Я решил комбинировать развлечения и начал заниматься сексом со знаменитостями (я не скажу вам, с кем именно, — они просили меня держать это в секрете). Одно время я даже читал книги. Я помнил слова Маргарет и пробовал — всего пару столетий, не больше — спорить об этих книгах с другими людьми, которые тоже их читали. Но такая жизнь показалась мне довольно скучной, во всяком случае, по сравнению с самой жизнью, и продлевать ее явно не стоило. Пытался я и войти в круг тех людей, которые пели и молились в церквах, но понял, что мне это не по нутру. Однако прежде, чем отправиться на свой последний (я знал это) разговор с Маргарет, я должен был перебрать все что можно. Она выглядела почти так же, как несколько тысячелетий назад, когда мы увиделись впервые; правда, я и сам мало изменился.
— У меня есть идея, — сказал я. Что ж, за такой срок грех ничего не придумать, верно? — Послушайте, если в Раю можно получить все что хочешь, тогда я хочу никогда не уставать от вечности! — Довольный собой, я откинулся в кресле. К моему удивлению, она кивнула, почти ободряюще.

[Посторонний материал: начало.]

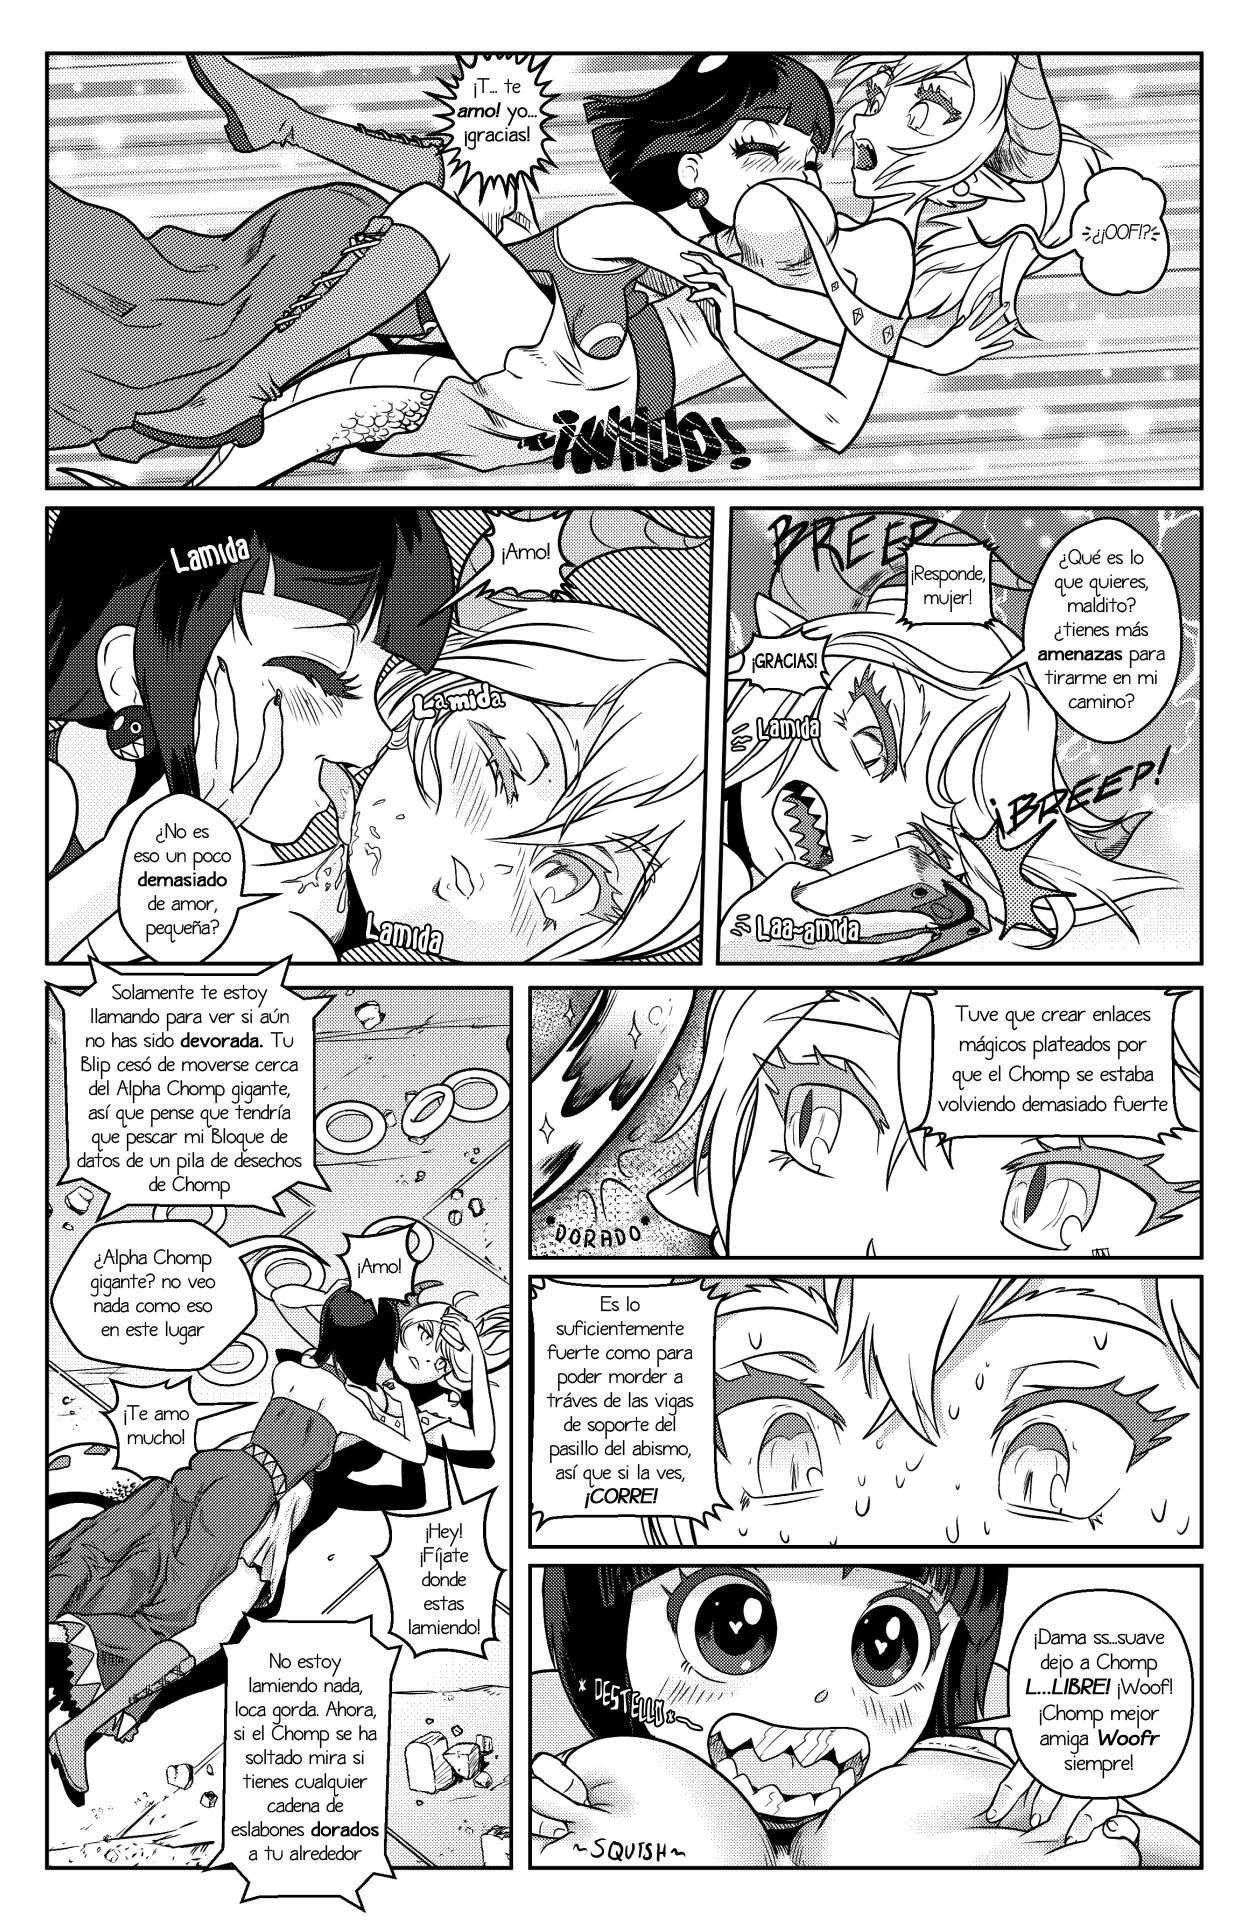 [Pencils] Bowsette Saga Vol.1 Y Vol.2 Completos - Vol.3 En Progreso (Mario Bros.) [Spanish] by Arkoniusx 38

— Если угодно, попробуйте, — сказала она. — Я выпишу вам бумагу о переводе в такое состояние.
— Но?.. — спросил я, зная, что есть и но.
— Я выпишу вам бумагу, — повторила она. — Это пустая формальность.
— Сначала скажите мне про но. — Я не собирался грубить ей. Но, с другой стороны, не хотел и маяться несколько тысячелетий, если она может сэкономить мне это время.
— Такие попытки уже были, — сказала Маргарет сочувственным тоном, словно ей по-настоящему жаль было меня огорчать.